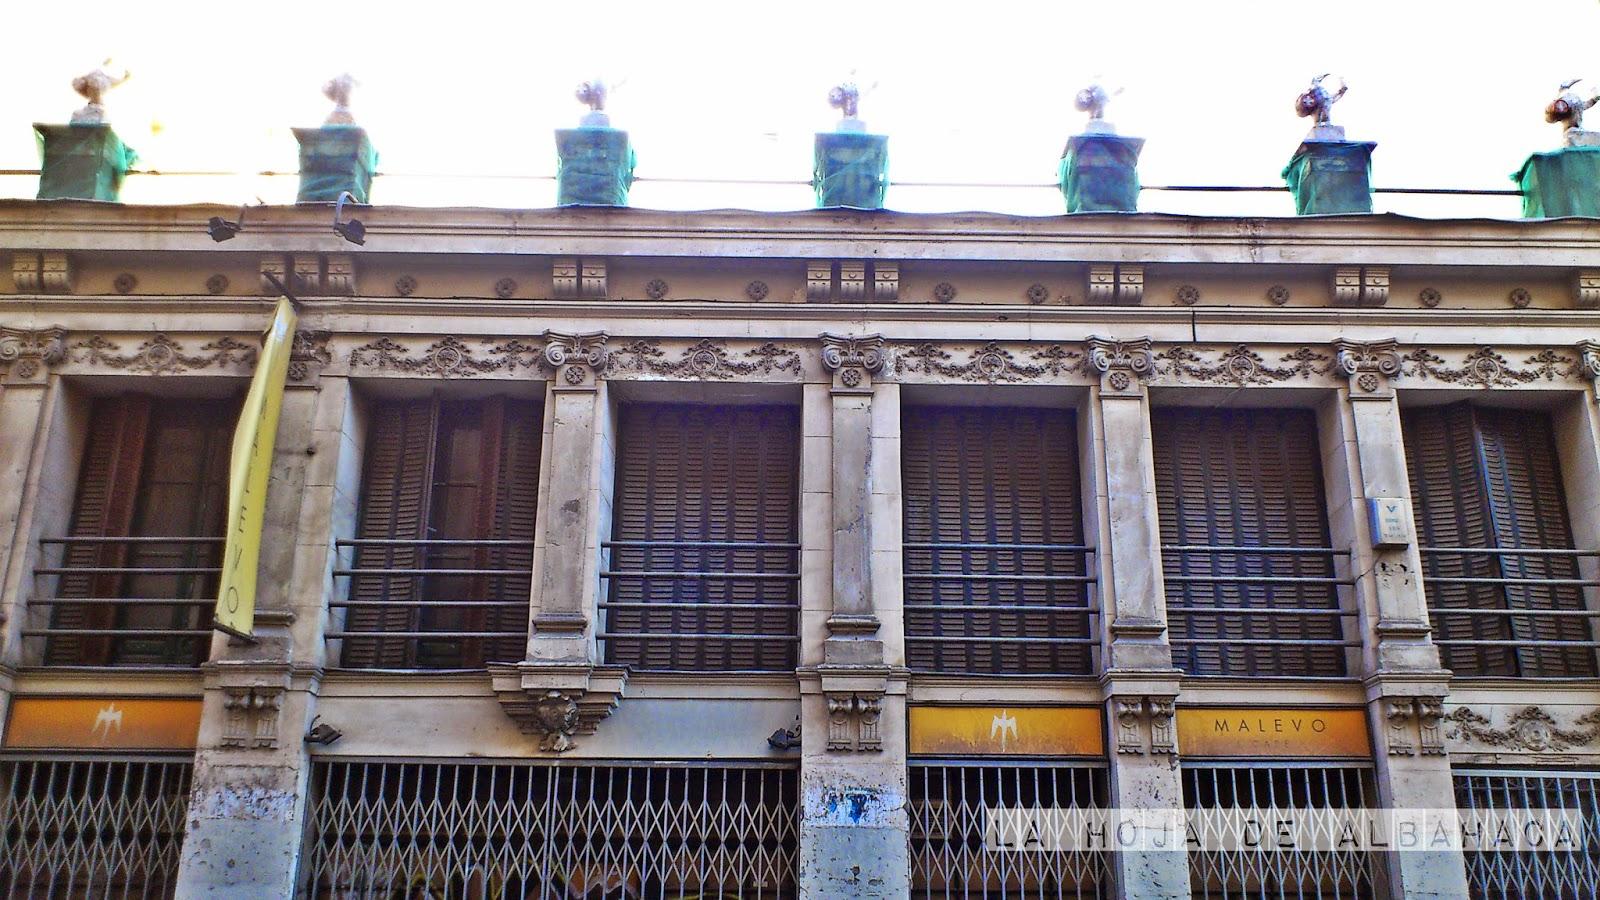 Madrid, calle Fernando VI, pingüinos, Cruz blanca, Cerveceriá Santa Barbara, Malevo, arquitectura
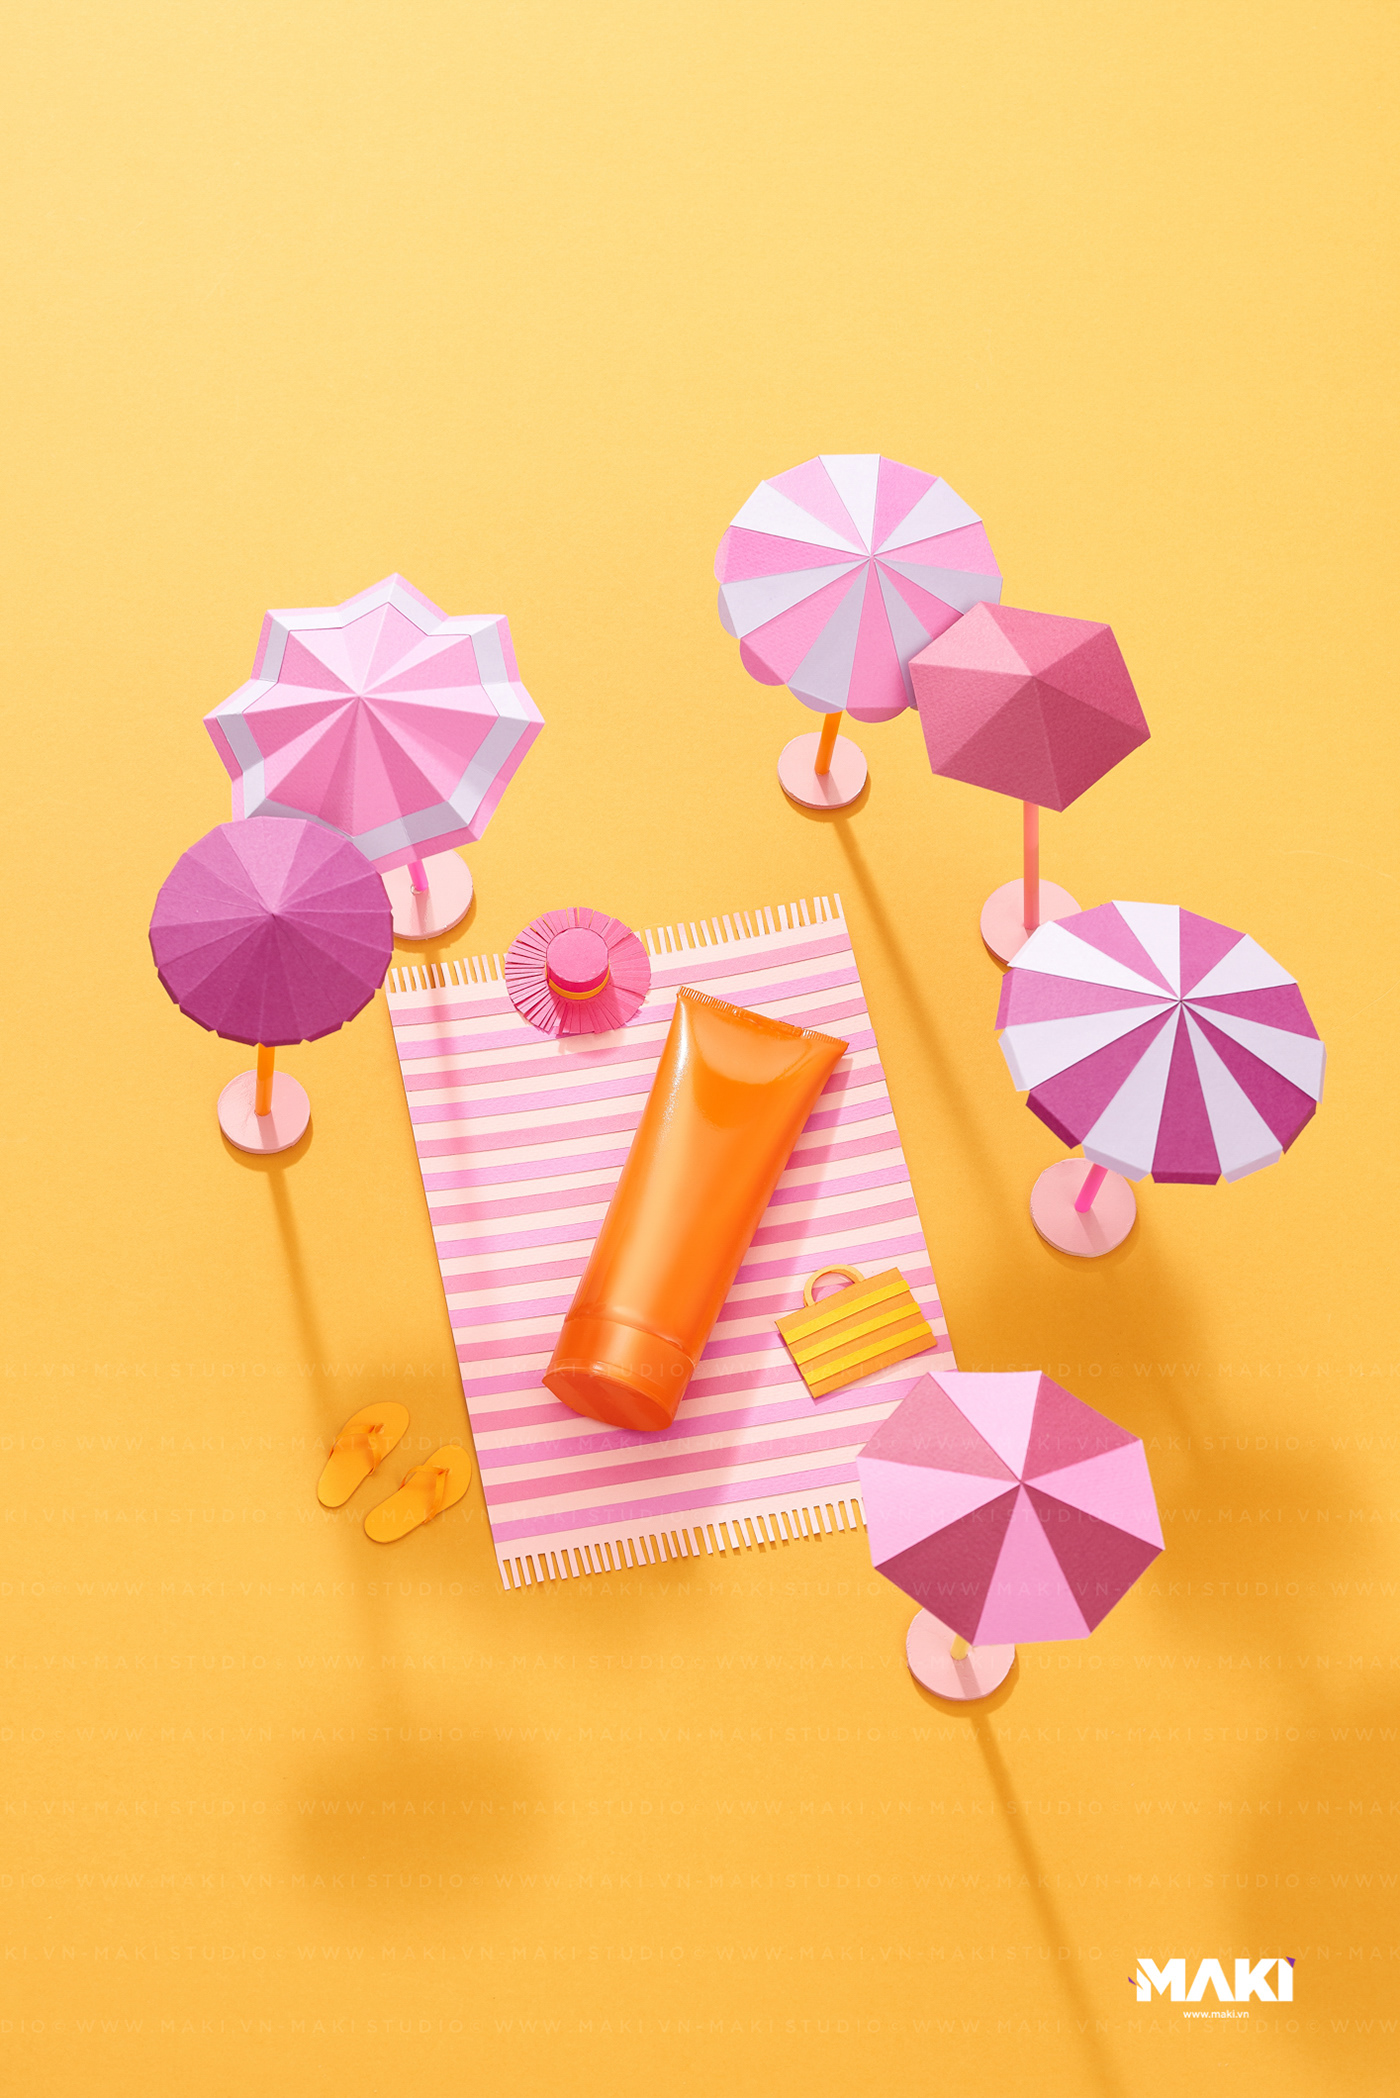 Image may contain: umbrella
....
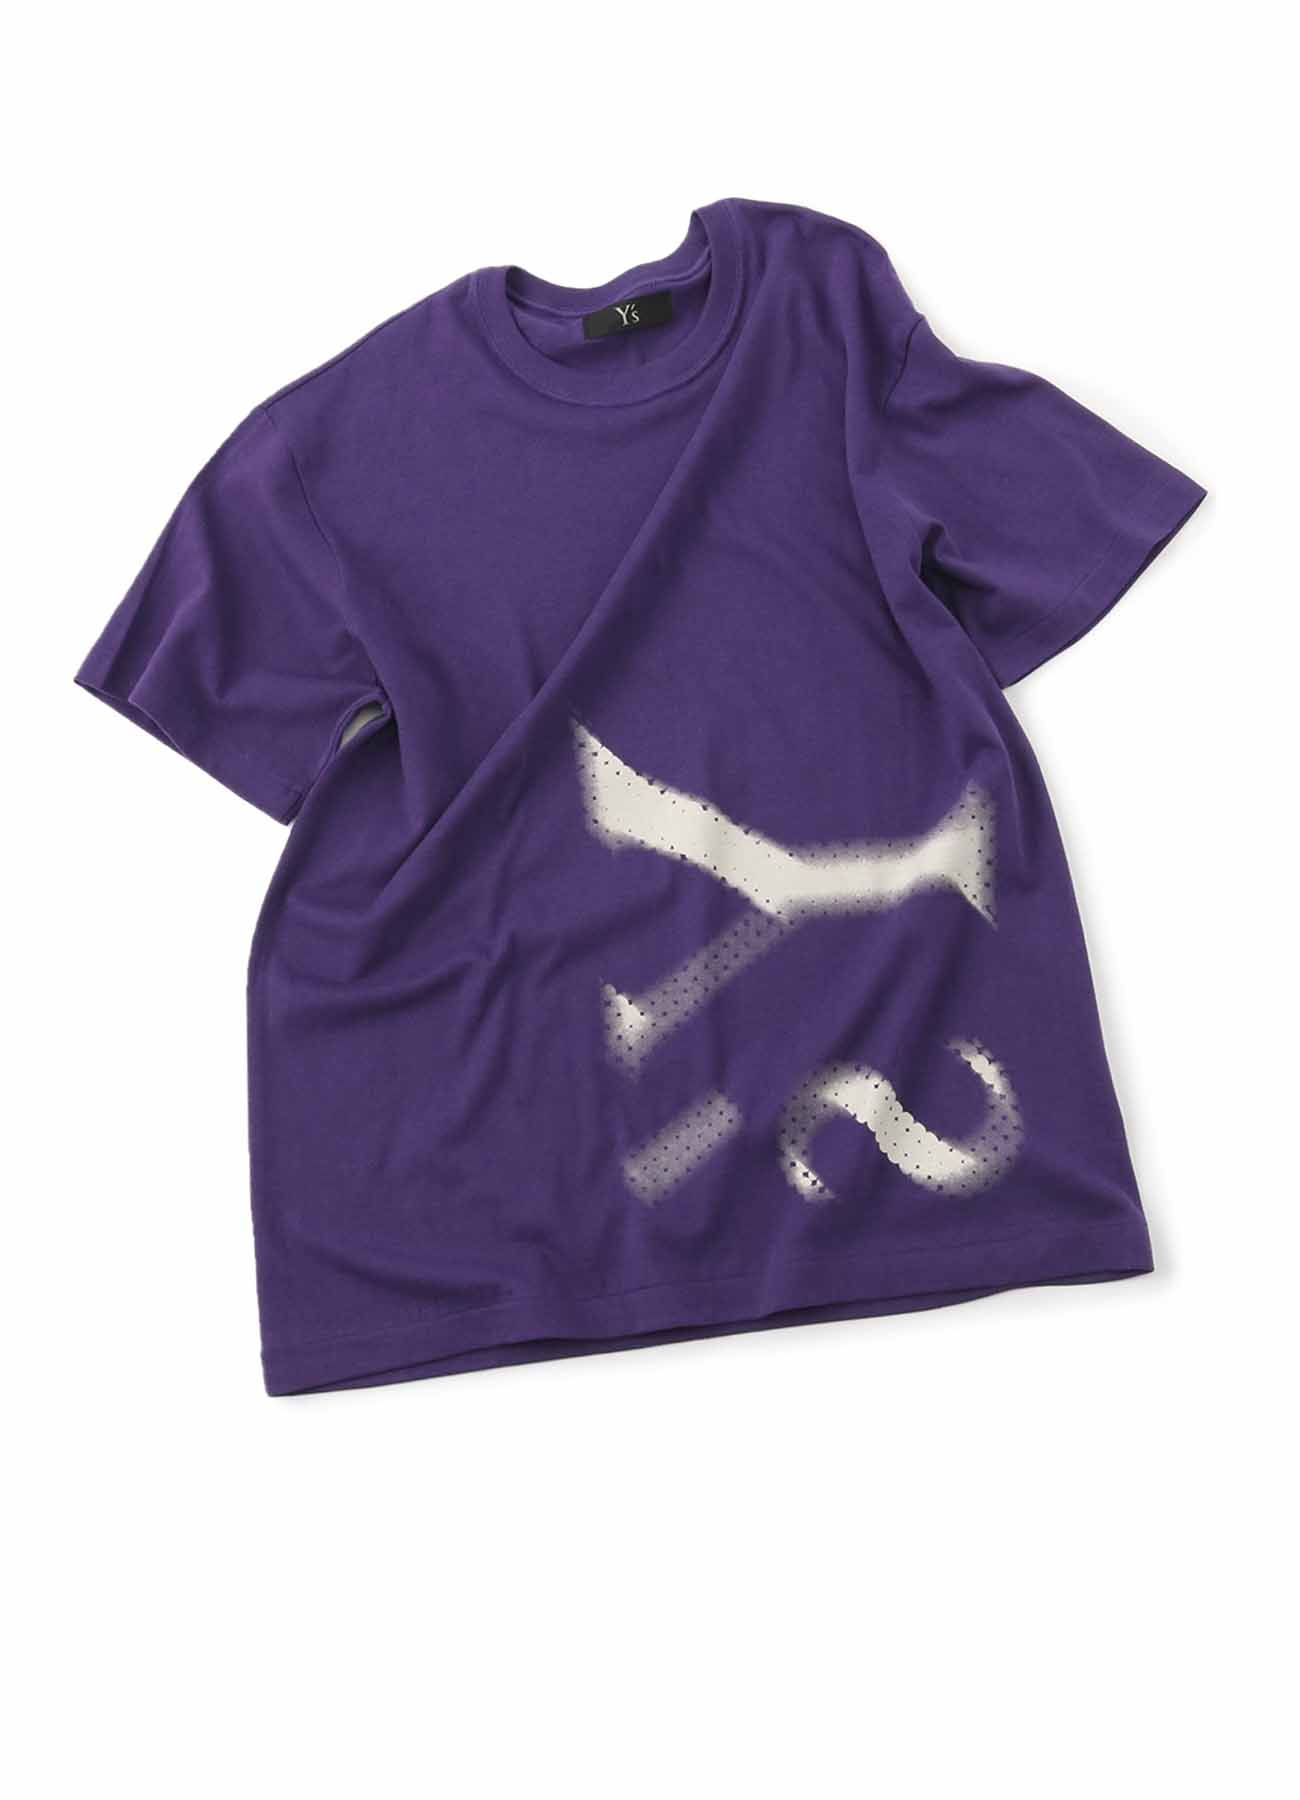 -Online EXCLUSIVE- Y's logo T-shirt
....
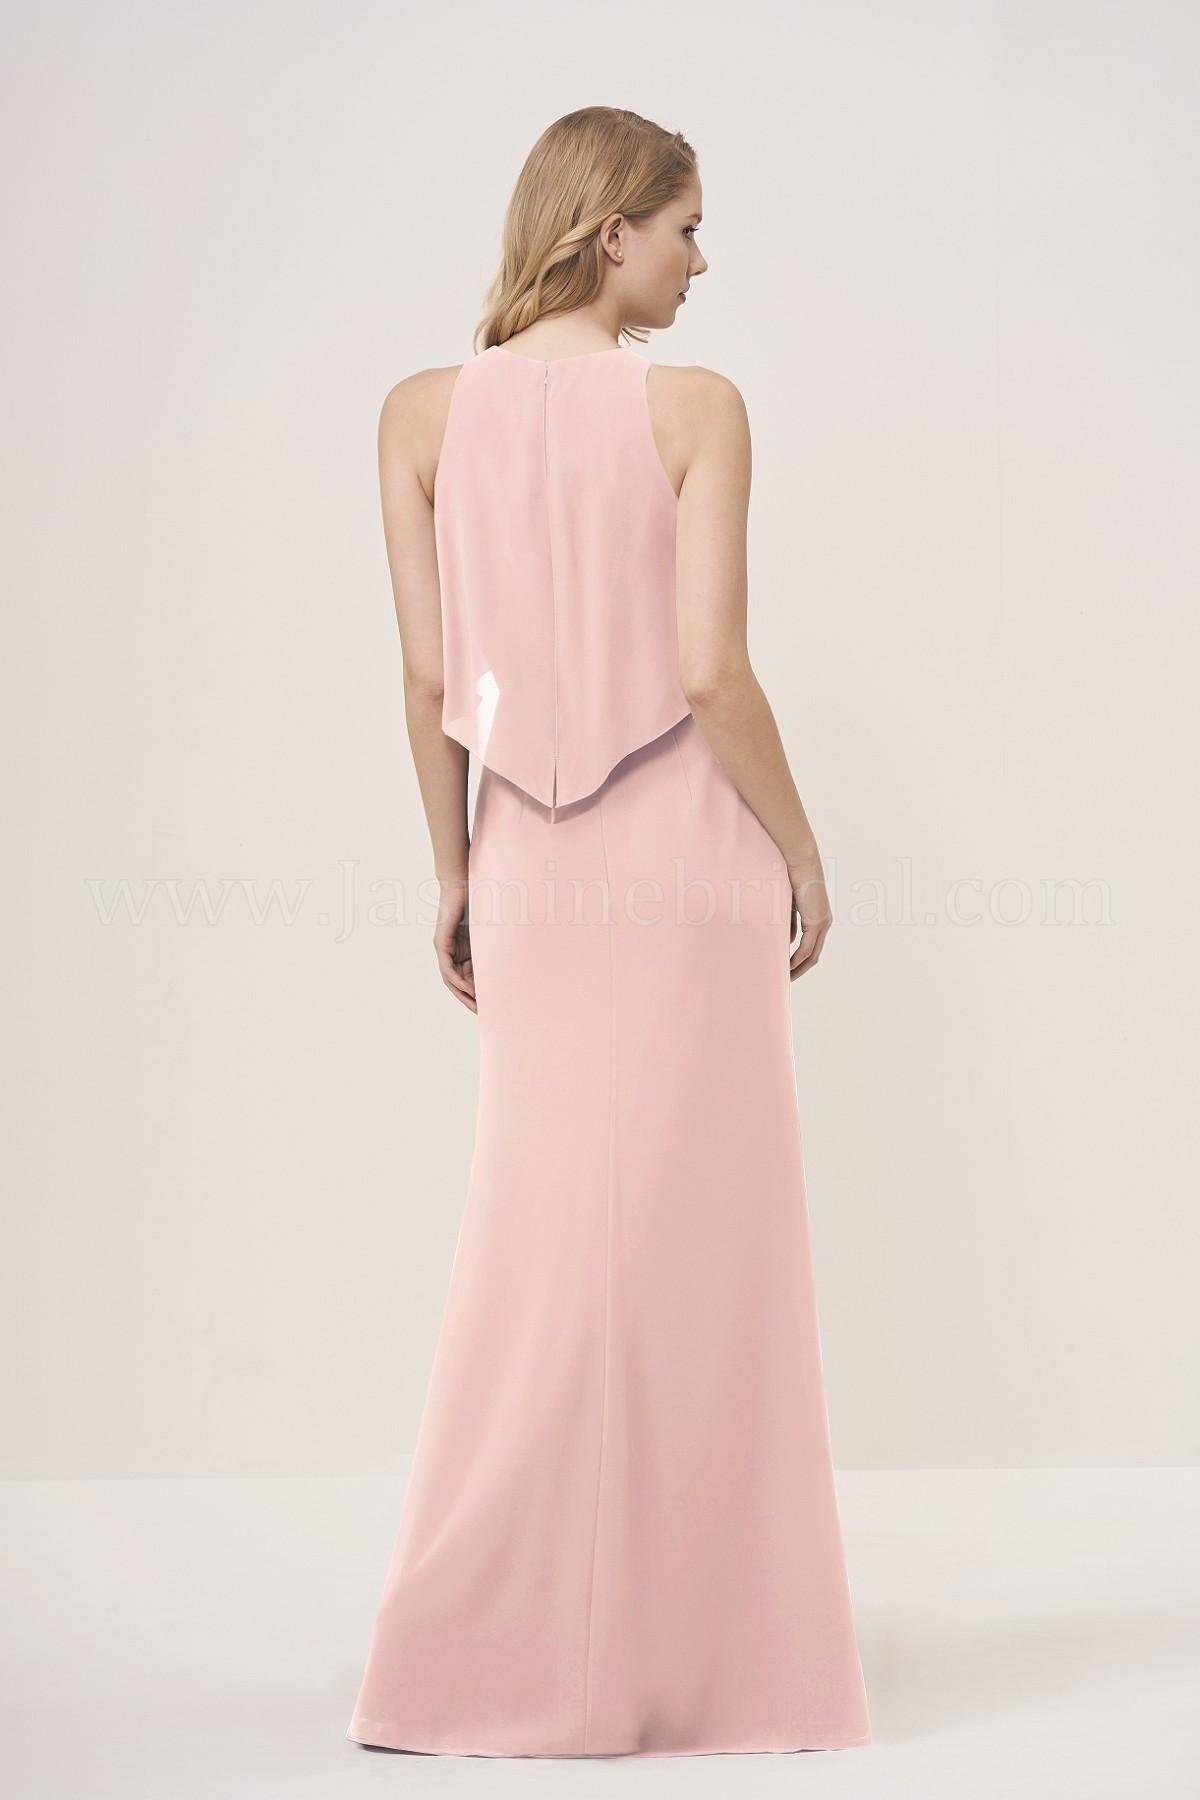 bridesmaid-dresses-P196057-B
....
### Your objective
Would you output only the span of the records above that opens with the line containing "Madrid, calle Fernando" and closes with the line containing "Image may contain: umbrella", ends included and pictures dropped?

### Response area
 Madrid, calle Fernando VI, pingüinos, Cruz blanca, Cerveceriá Santa Barbara, Malevo, arquitectura
 Image may contain: umbrella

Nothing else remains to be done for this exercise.